От этого замерло на лице Полякова досадливое удивление, хотя в глазах его плавала, постепенно угасая, надежда: все это чья-то нелепая шутка, глупый и злой розыгрыш от начала до конца — не было никакой кражи, и не было звонка из милиции на дачу с просьбой срочно явиться в Москву на квартиру, или, наоборот, был звонок, но это какой-то дурак решил так его разыграть, и пропало воскресное утро, вырванное наконец из сумасшедшего потока повседневной суеты, утомительной работы, невозможности подумать спокойно и в одиночестве, погулять в осеннем солнечном лесу. И я видел, как растаяла эта надежда, будто льдинка на жарком июльском асфальте.
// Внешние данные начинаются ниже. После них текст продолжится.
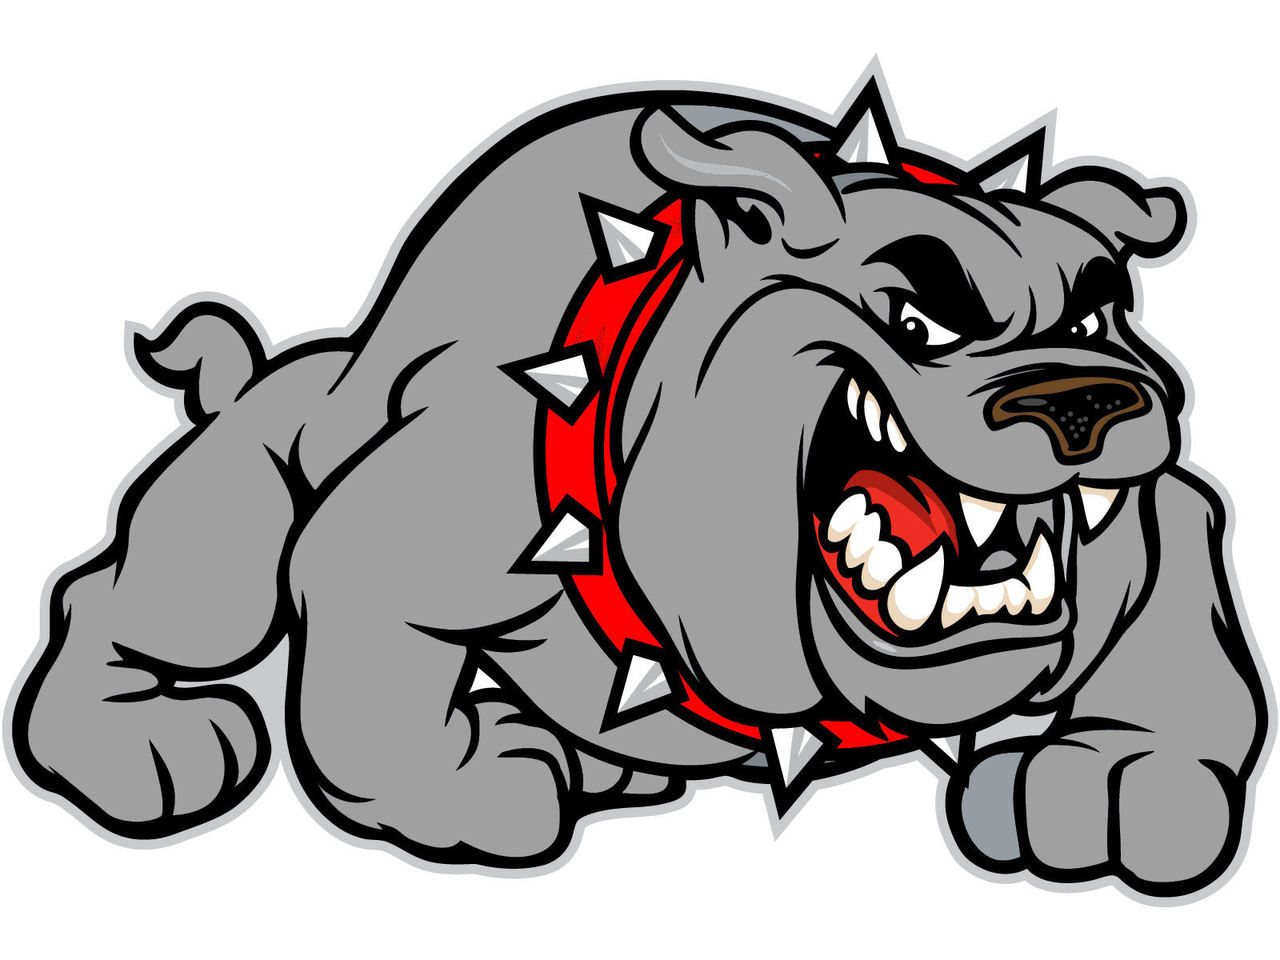 Top Georgia Bulldog Clipart in the world Check it out now

Ушло выражение досадливого удивления, и лицо его — худое, усталое лицо с тяжелым подбородком боксера и грустными глазами апостола — затопила обычная человеческая растерянность, и кривая жалобная улыбка помимо его воли наискось перерезала лицо.
Так мы и стояли молча, лицом к лицу, не зная, что надо сказать в этой ситуации, а он все улыбался этой невыносимой улыбкой, которая для меня была пыткой. Потому что только мы двое знали сейчас масштаб случившегося несчастья. Я подумал о нем раньше, когда говорил с Лавровой, но старательно отгонял от себя эту мысль. А теперь, глядя на жалкую кривую улыбку Полякова, я понял, что произошло именно это. Так бессмысленно и страшно улыбаются люди, которым миг назад принесли разящую весть о потере кого-то очень близкого.
Он облизнул пересохшие губы и хрипло спросил:
— Скрипка?!.. В шкафу?..
— …Постарайтесь вспомнить, что еще пропало из квартиры…
Он сидел в глубоком кресле и ладонями держал себя за лицо, отчего казалось, будто голова его украшена двумя белыми ветками. Поляков меня не слышал. Потом он поднял голову и сказал:
— Да-да, конечно, наверное… Что вы сказали, простите?
— Мне нужно, чтобы вы перечислили пропавшие из дома вещи…
Поляков пожал плечами:
— Я затрудняюсь так, сразу… Жена попозже приедет, она, наверное, точно скажет. Но это все не имеет значения. Пропала скрипка. Скрипка моя пропала, — сказал он сдавленным голосом, и весь он был похож на горестно нахохленную, измученную птицу.
Я не знал, что сказать, и неуверенно спросил:
— Вы, наверное, привыкли к этому инструменту?
Он поднял голову и посмотрел на меня удивленно, и по взгляду его я понял, что сказал нечто невероятное.